The unions smell smoke. They believe the real game here is to reduce the overall budget for teacher and principal pay, buy off the top players with star salaries and relegate the masses to lower pay.
It's a fair question. But it dodges our old friend, the elephant. The elephant is this: Should teachers be paid like assembly-line workers, strictly on the basis of time in service? Or, assuming they are professionals and some of them are better or worse at their profession than others, should they be paid according to some formula based on how good they are at teaching?
Notice I said "some formula." Let's put the precise nature of the formula to the side for the moment. We can argue about the formula after we decide the principle: time in service or merit? On which should teacher pay be based?
The Dallas Morning News editorial page is always calling for Mike Miles and the school board to move beyond areas of disagreement and concentrate on things they can be nice to each other about. But in fact that's exactly the opposite of what they need to do. They need to get to the real fight.
Teacher pay. Tenure or merit. Which is it going to be?
In fact, wouldn't it be nice if there were some way you and I could reach in there, clutch them all by the collar and make them take an oath? We would tell them they will be perfectly free to go after each other about who's better looking and which ones are more likely to get into heaven. It will be fine with us if they have a great big wide-open debate on how to measure teacher effectiveness. After.
They can dive into all those other issues after they decide whether teachers should continue being paid as they are now, strictly according to years in service, or be paid instead according to a merit system that everyone involved agrees is fair.
I'm an old union dude myself, former member of the United Auto Workers Union, former member of the Newspaper Guild, a child of the Motor City. My late mother was a very loyal teachers union member and a strict advocate of seniority pay. I do get where seniority pay comes from, and I do know its virtues as a protection for workers against arbitrary compensation and firing.
But given the massive failure of major American urban school districts including our own to bring poor students to full literacy and mathematical competence, I also believe it's legitimate and fair for people to ask whether we may need to make a change.
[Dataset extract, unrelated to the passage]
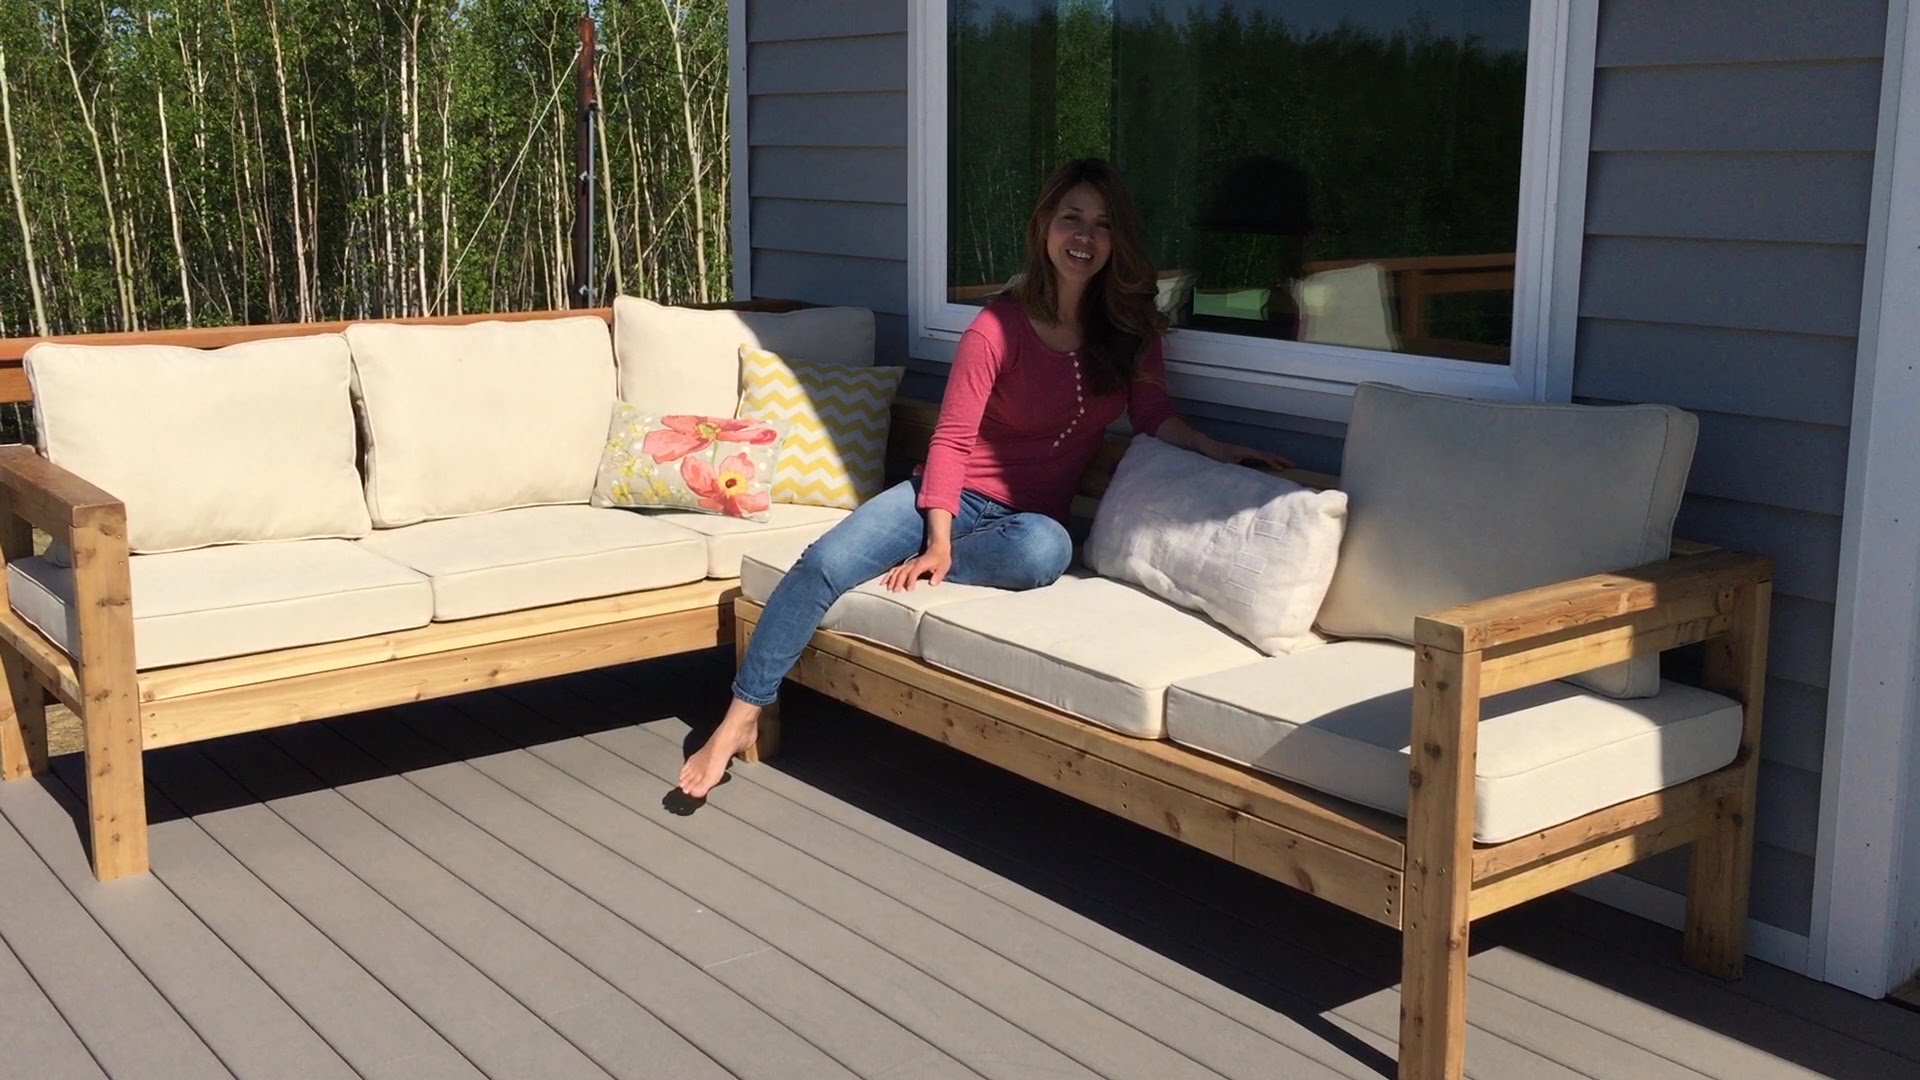 diy outdoor furniture how to build a 2x4 outdoor sectional tutorial - youtube CMCMGNF

That issue -- tenure versus merit -- is the elephant in the room.
When the anti-Miles faction on the school board tells me they need to go behind closed doors for yet another closed-door meeting to talk about Miles' personality, I begin to think that poor old elephant has been locked up in there with them for way too long. What they really need in there is the guy with the shovel. Every time they come back out, the odor of truth still clings to their clothing.